Data to process —
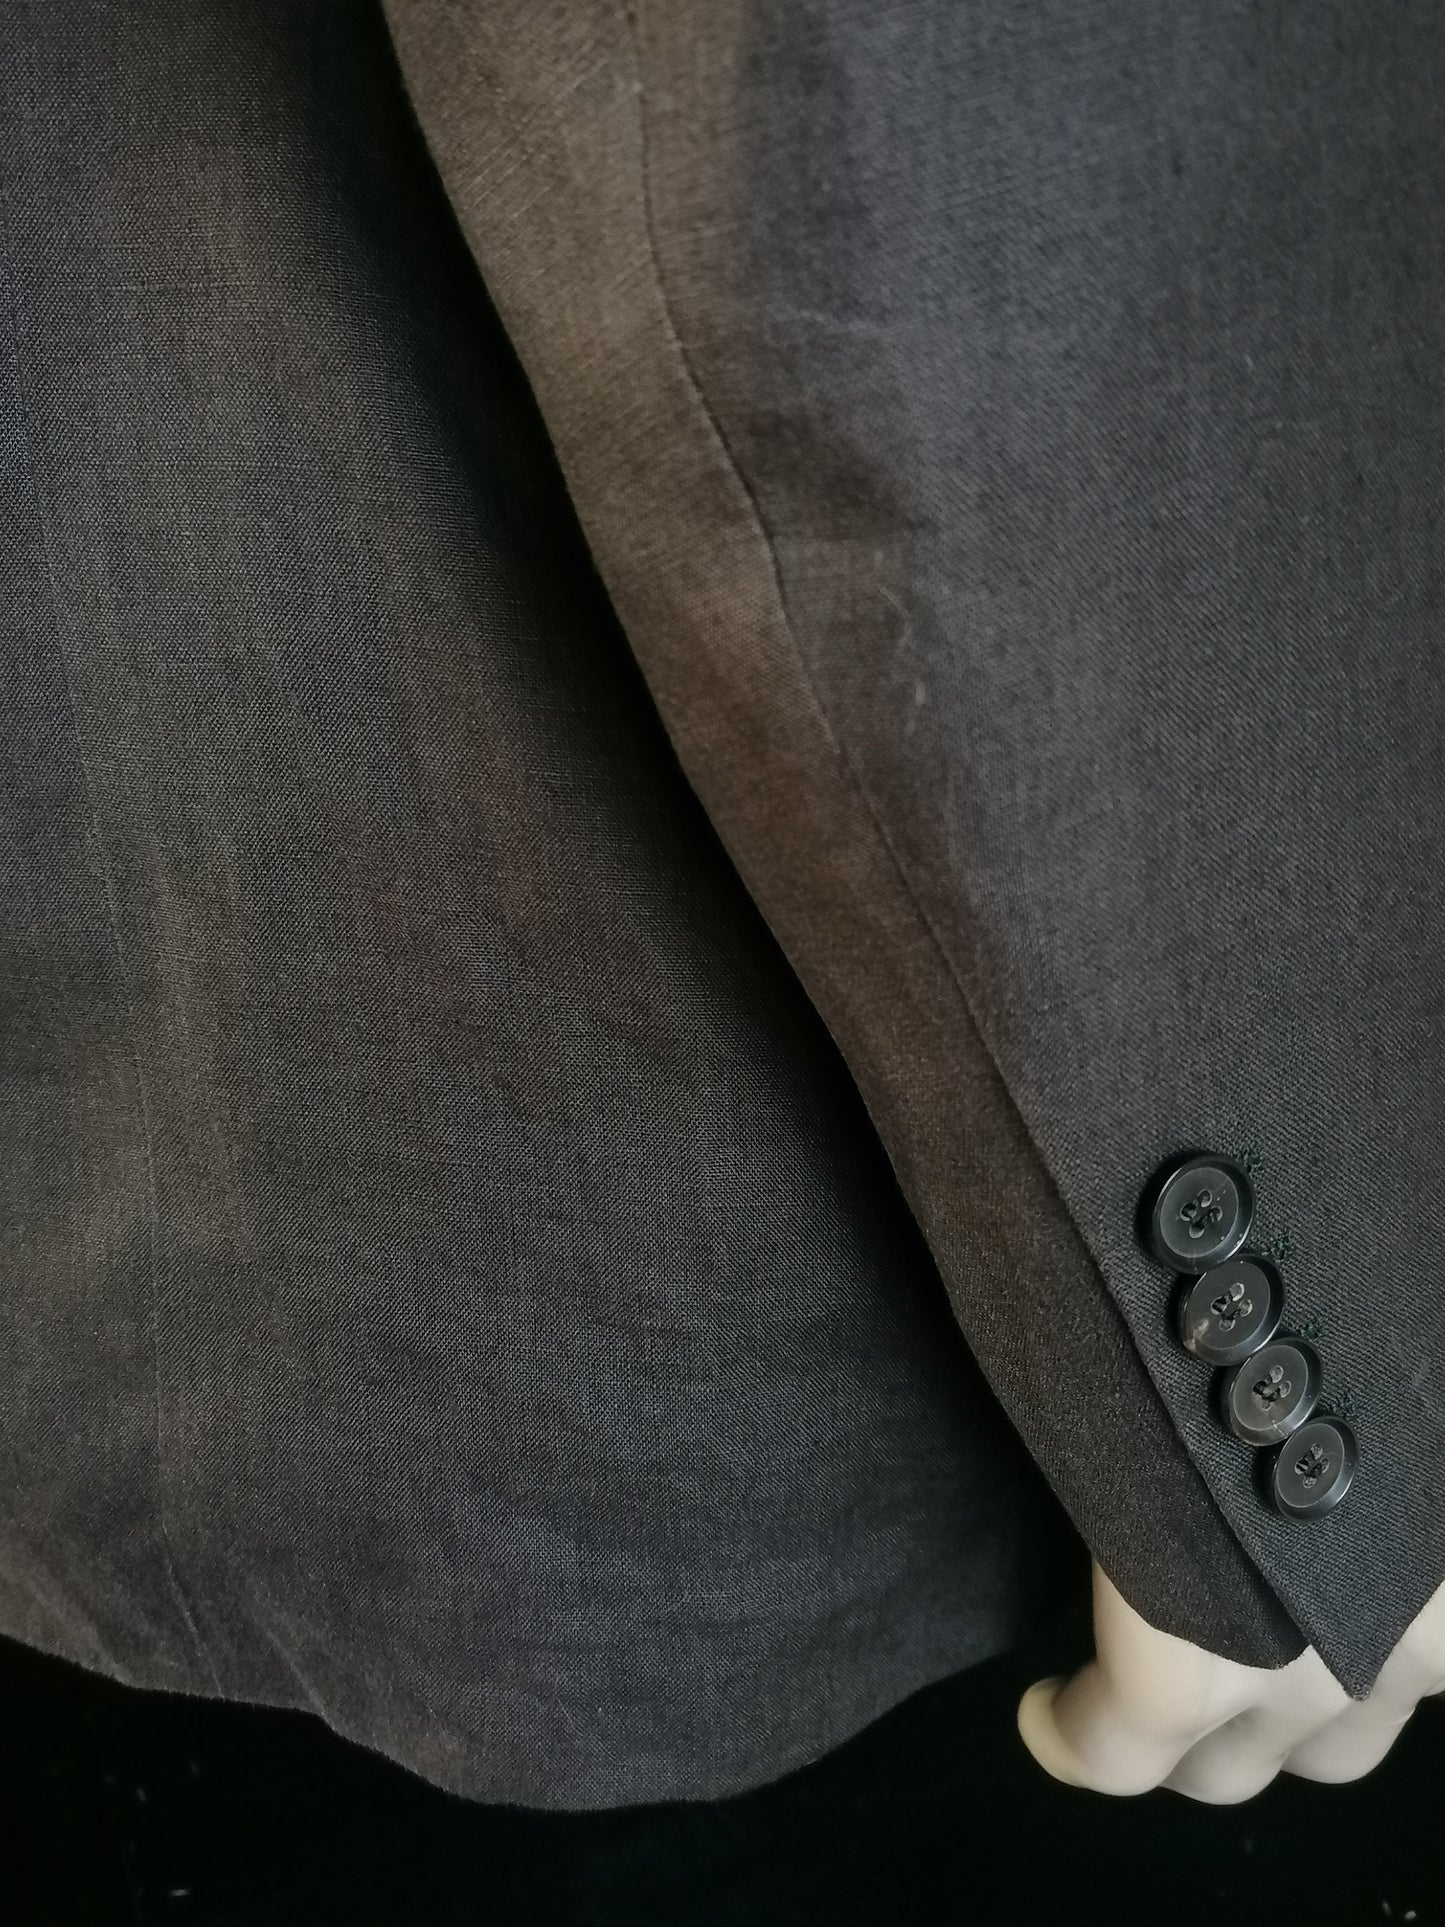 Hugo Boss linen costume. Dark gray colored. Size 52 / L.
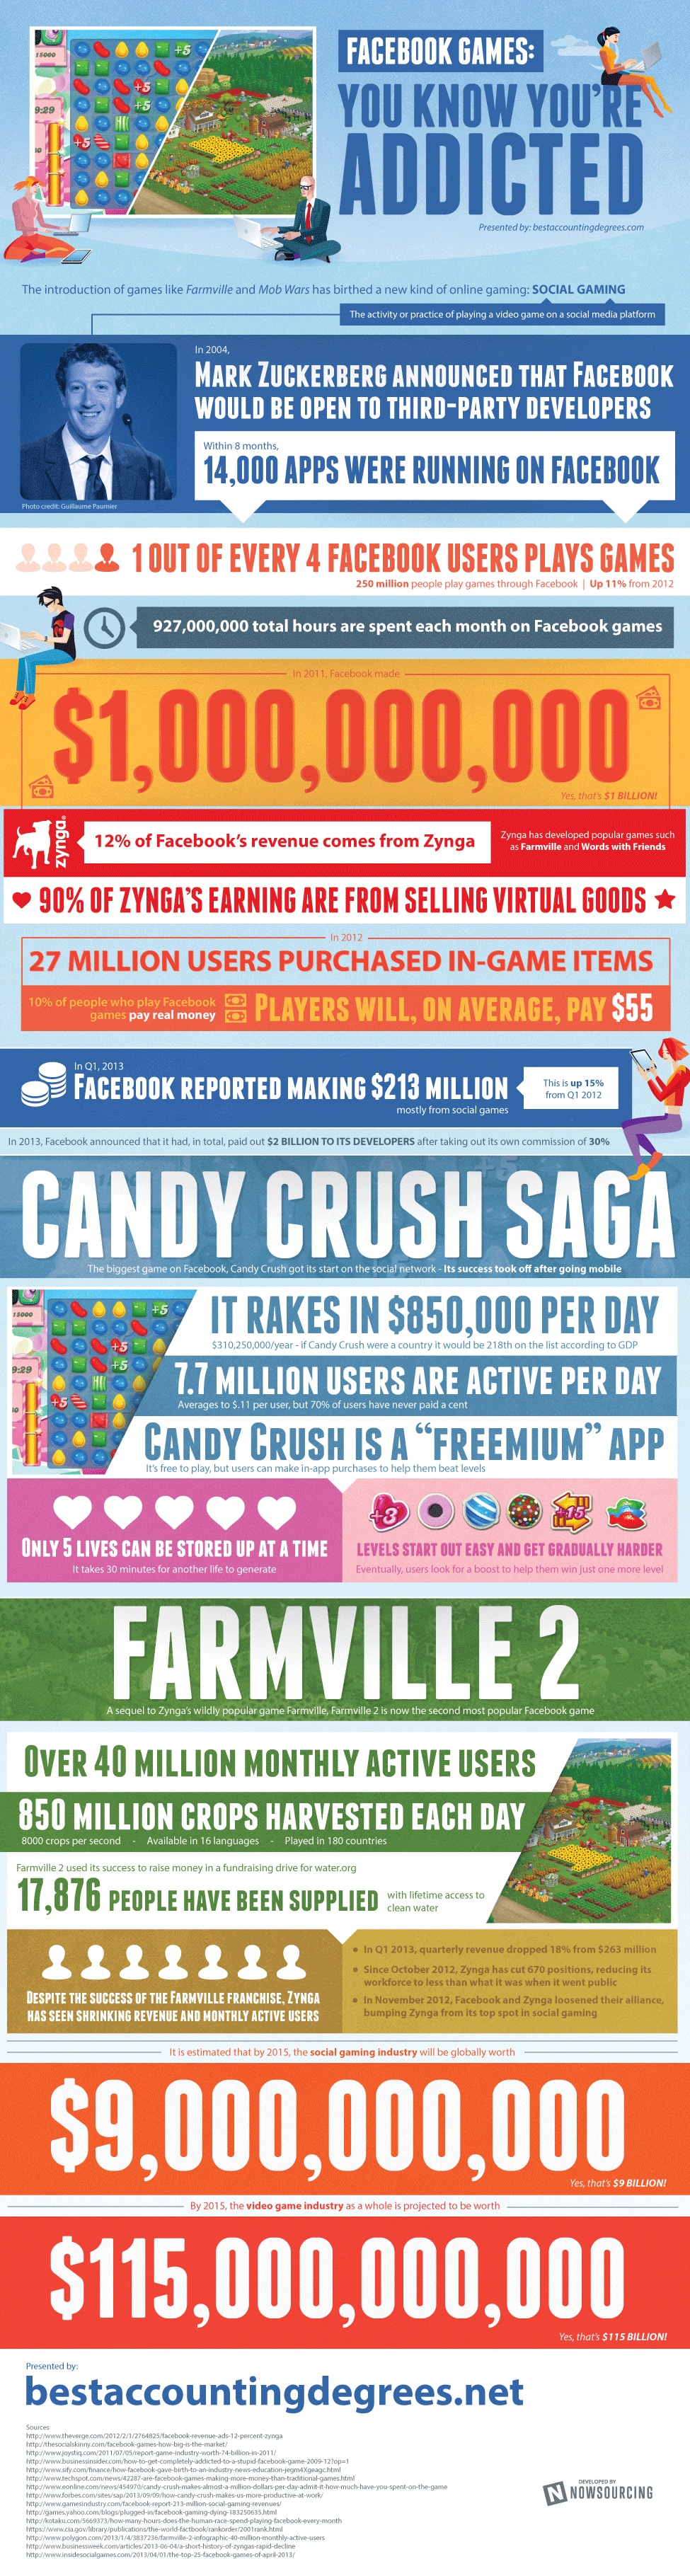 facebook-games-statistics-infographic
--
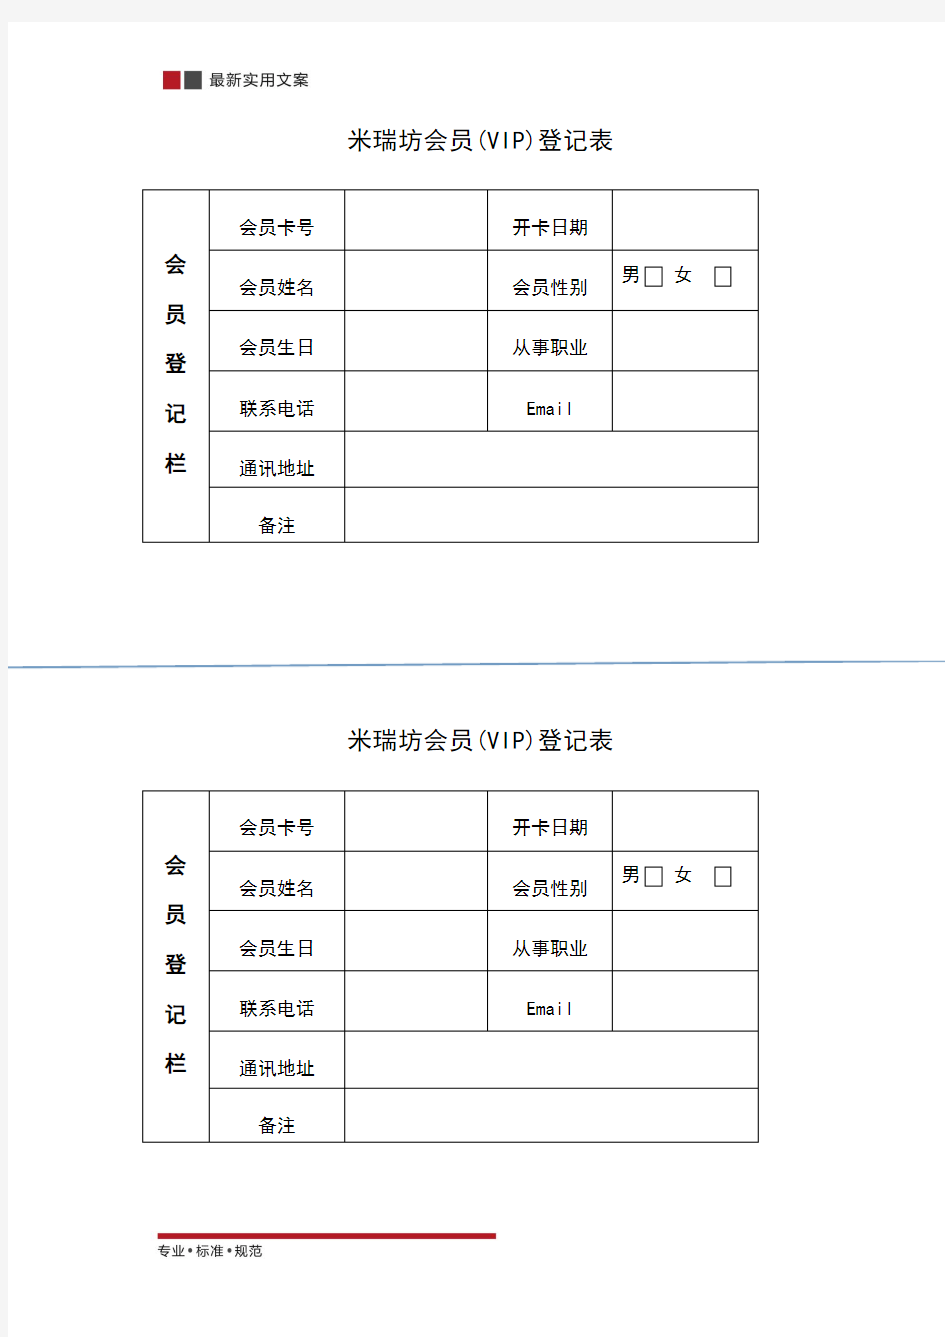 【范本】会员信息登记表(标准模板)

Problem requirements — All that should be printed is the run of lines above from the one with "Hugo Boss linen" through the one with "facebook-games-statistics-infographic", both included, exactly as given, with pictures left out.

Solved problem —
 Hugo Boss linen costume. Dark gray colored. Size 52 / L.
 facebook-games-statistics-infographic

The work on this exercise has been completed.